We are now going to compute the derivatives of the various trigonometric functions, \(\sin x\text{,}\) \(\cos x\) and so on. The computations are more involved than the others that we have done so far and will take several steps. Fortunately, the final answers will be very simple.

Observe that we only need to work out the derivatives of \(\sin x\) and \(\cos x\text{,}\) since the other trigonometric functions are really just quotients of these two functions. Recall:

\begin{align*} \tan x &= \frac{\sin x}{\cos x} & \cot x &= \frac{\cos x}{\sin x} & \csc x &= \frac{1}{\sin x} & \sec x &= \frac{1}{\cos x}. \end{align*}

The first steps towards computing the derivatives of \(\sin x, \cos x\) is to find their derivatives at \(x=0\text{.}\) The derivatives at general points \(x\) will follow quickly from these, using trig identities. It is important to note that we must measure angles in radians ^{1}, rather than degrees, in what follows. Indeed — unless explicitly stated otherwise, any number that is put into a trigonometric function is measured in radians.

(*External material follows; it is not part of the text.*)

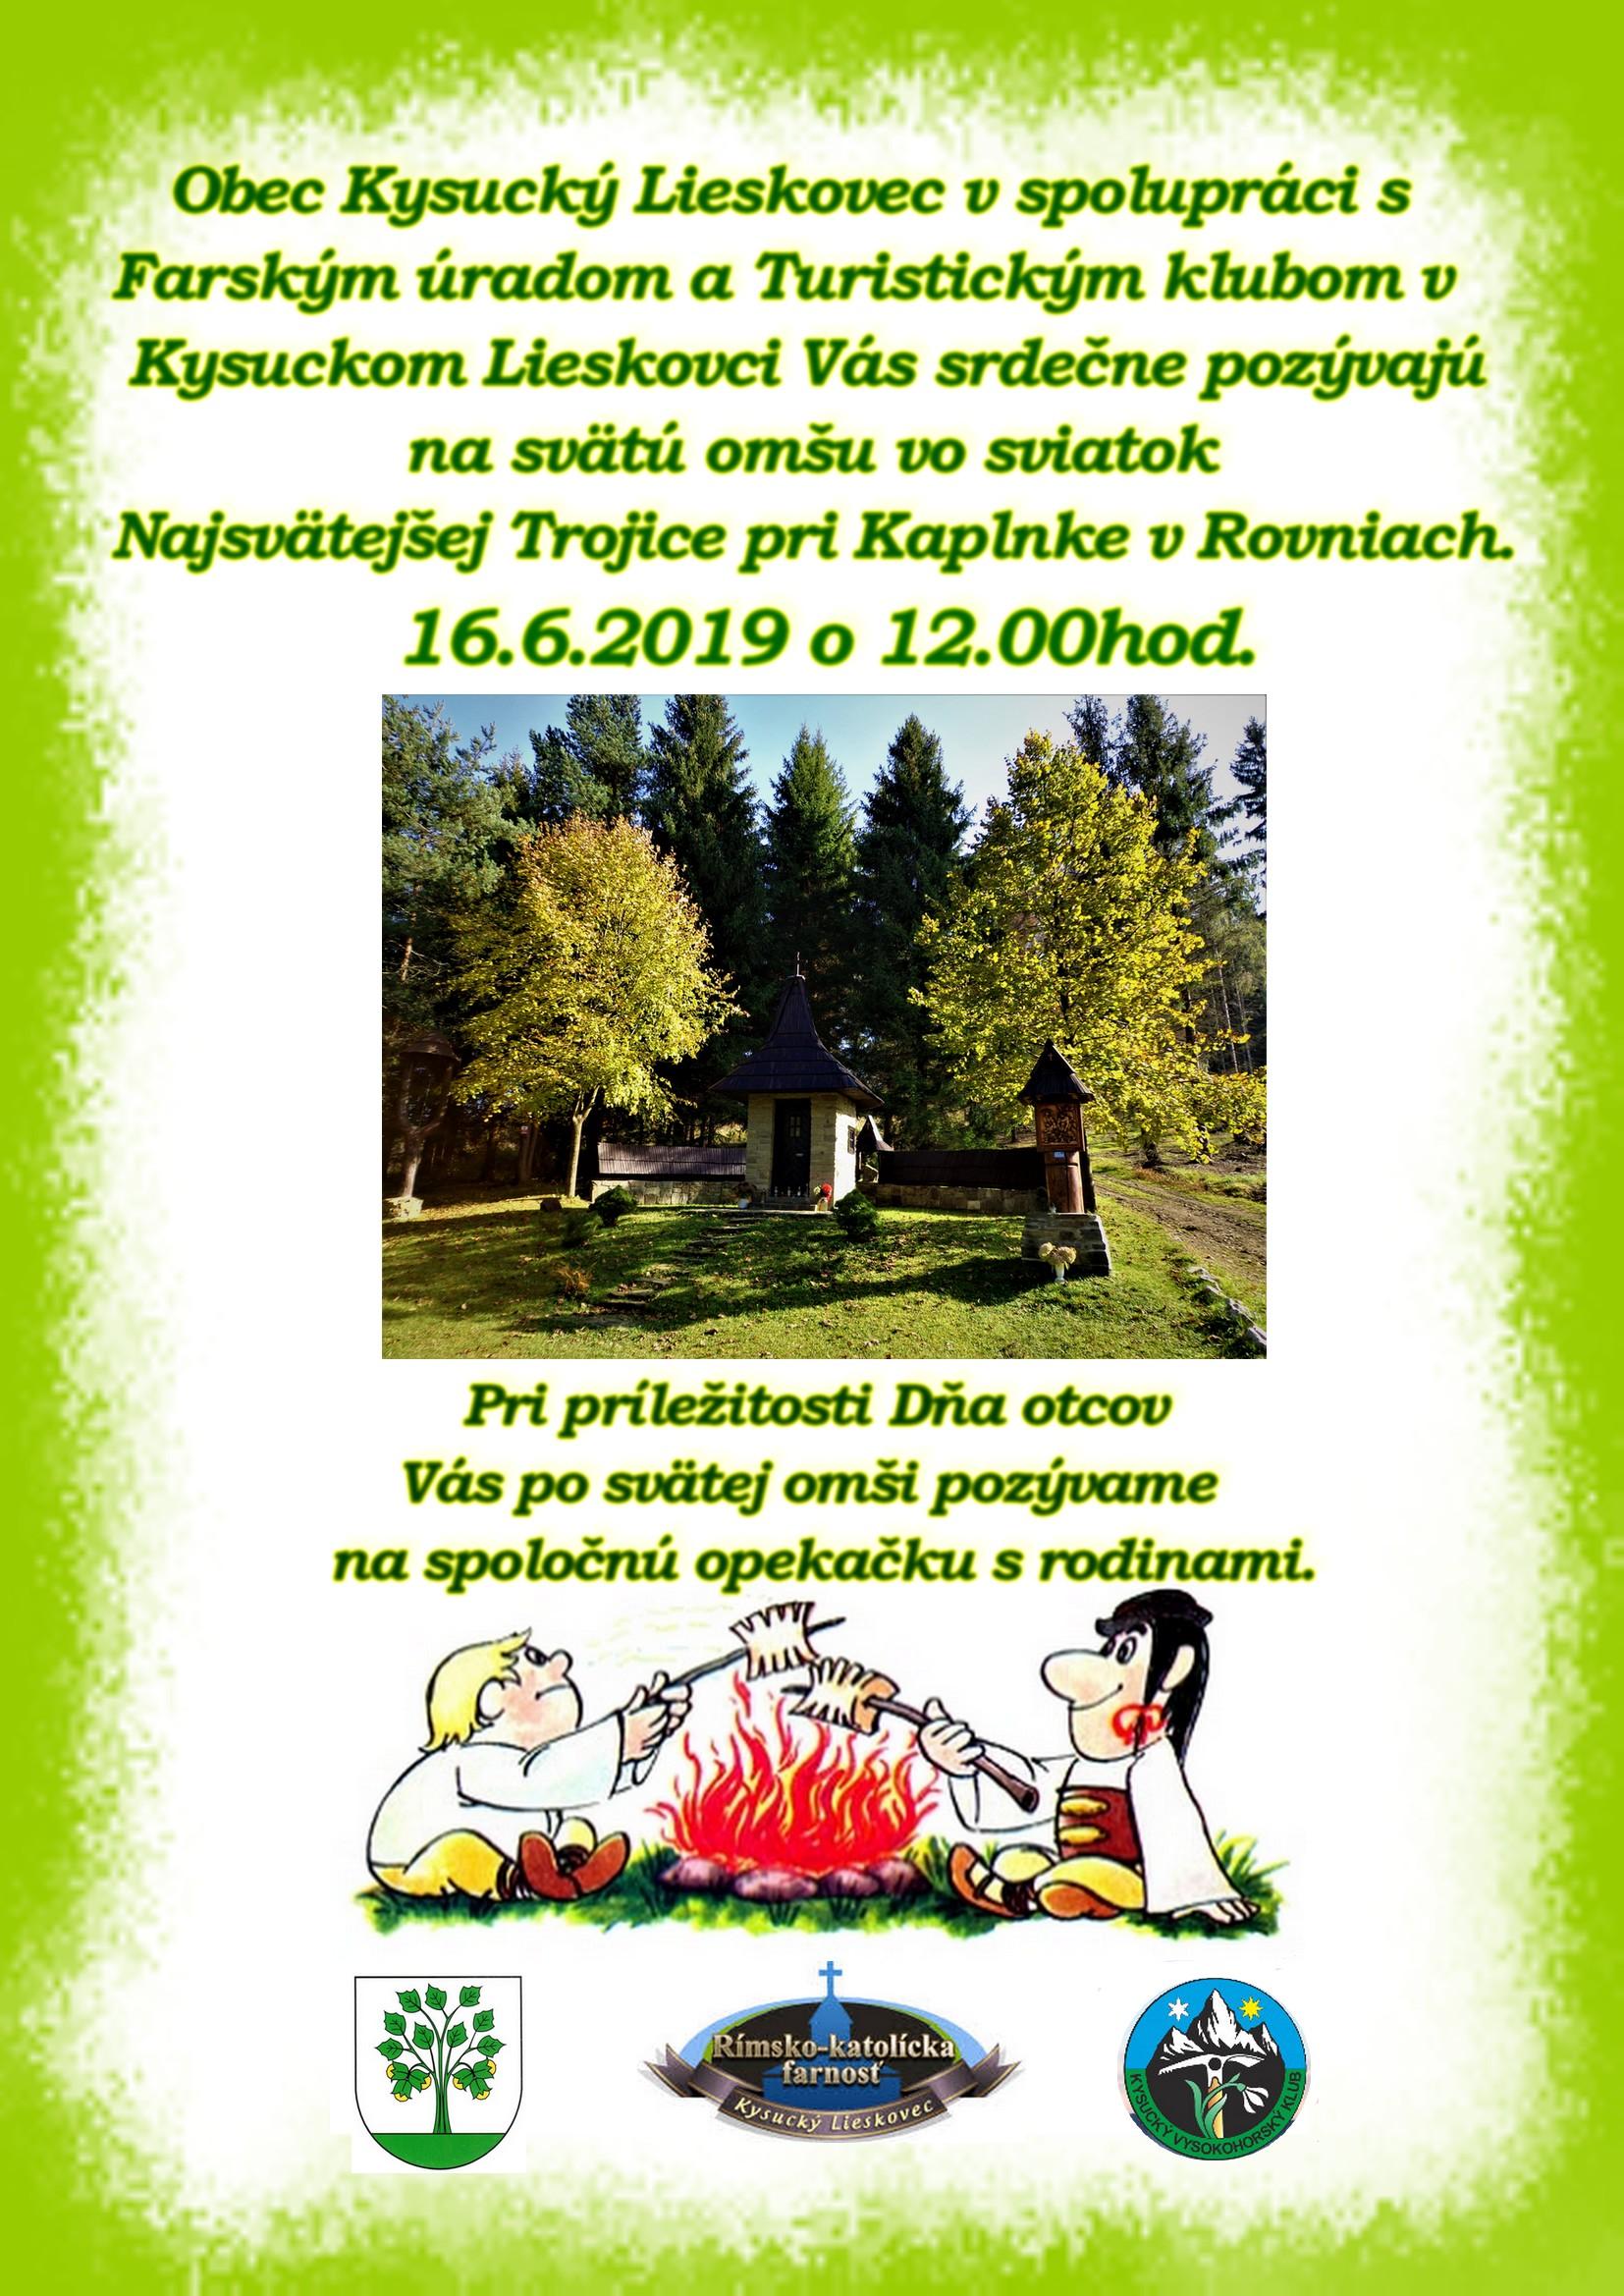 El pueblo de Kysucky Lieskovec, en colaboración con la Oficina Parroquial y el Club de Turismo de Kysucky Lieskovec, lo invitan a la Santa Misa en la fiesta de la Santísima Trinidad en la Capilla de Rovne. 16 de junio de 2019 a las 12:00 pm
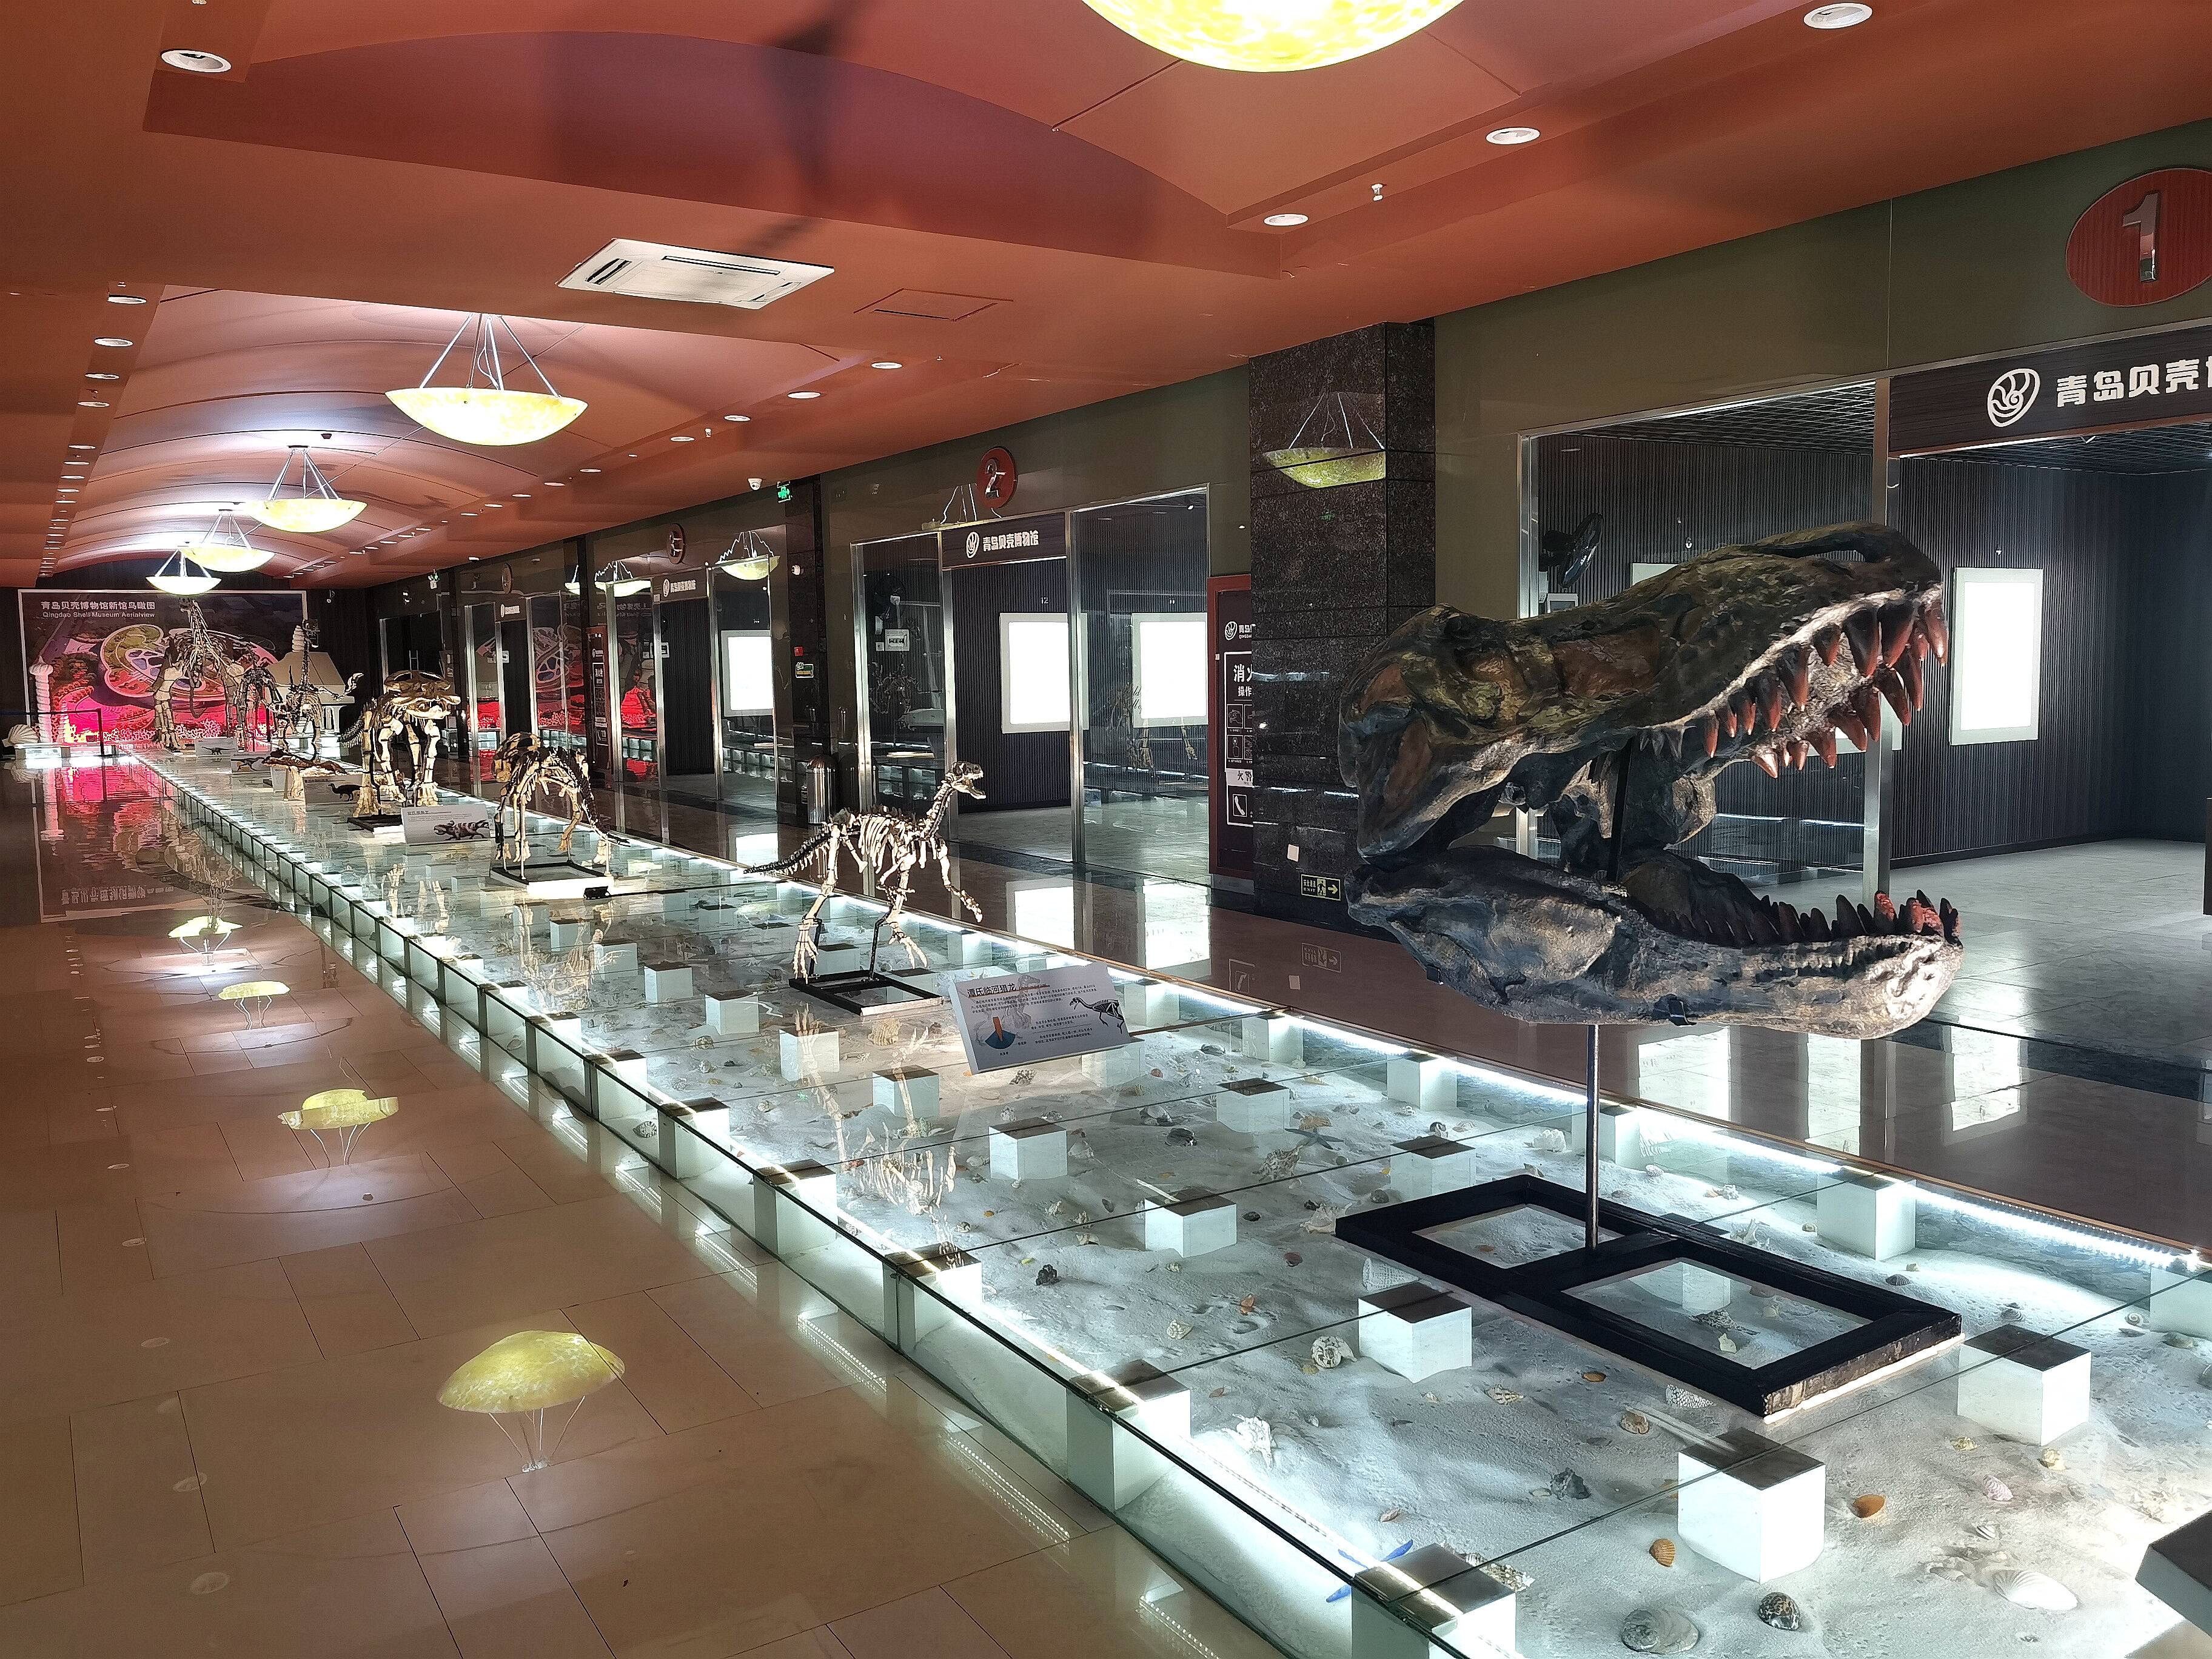 青岛贝壳博物馆沙滩T台上陈列着七种恐龙标本。

## These Proofs are Optional, the Results are Not.

While we expect you to read and follow these proofs, we do not expect you to be able to reproduce them. You will be required to know the results, in particular Theorem 2.8.5 below.

## Step 1: \(\mathbf{\dfrac{d}{dx} \{ \sin x \} \big|_{x=0}}\)

By definition, the derivative of \(\sin x\) evaluated at \(x=0\) is

\begin{gather*} \dfrac{d}{dx} \{ \sin x \} \Big|_{x=0} =\lim_{h\rightarrow 0}\frac{\sin h-\sin 0}{h} =\lim_{h\rightarrow 0}\frac{\sin h}{h} \end{gather*}

We will prove this limit by use of the squeeze theorem (Theorem 1.4.18). To get there we will first need to do some geometry. But first we will build some intuition.

The figure below contains part of a circle of radius 1. Recall that an arc of length \(h\) on such a circle subtends an angle of \(h\)** radians** at the centre of the circle. So the darkened arc in the figure has length \(h\) and the darkened vertical line in the figure has length \(\sin h\text{.}\) We must determine what happens to the ratio of the lengths of the darkened vertical line and darkened arc as \(h\) tends to zero.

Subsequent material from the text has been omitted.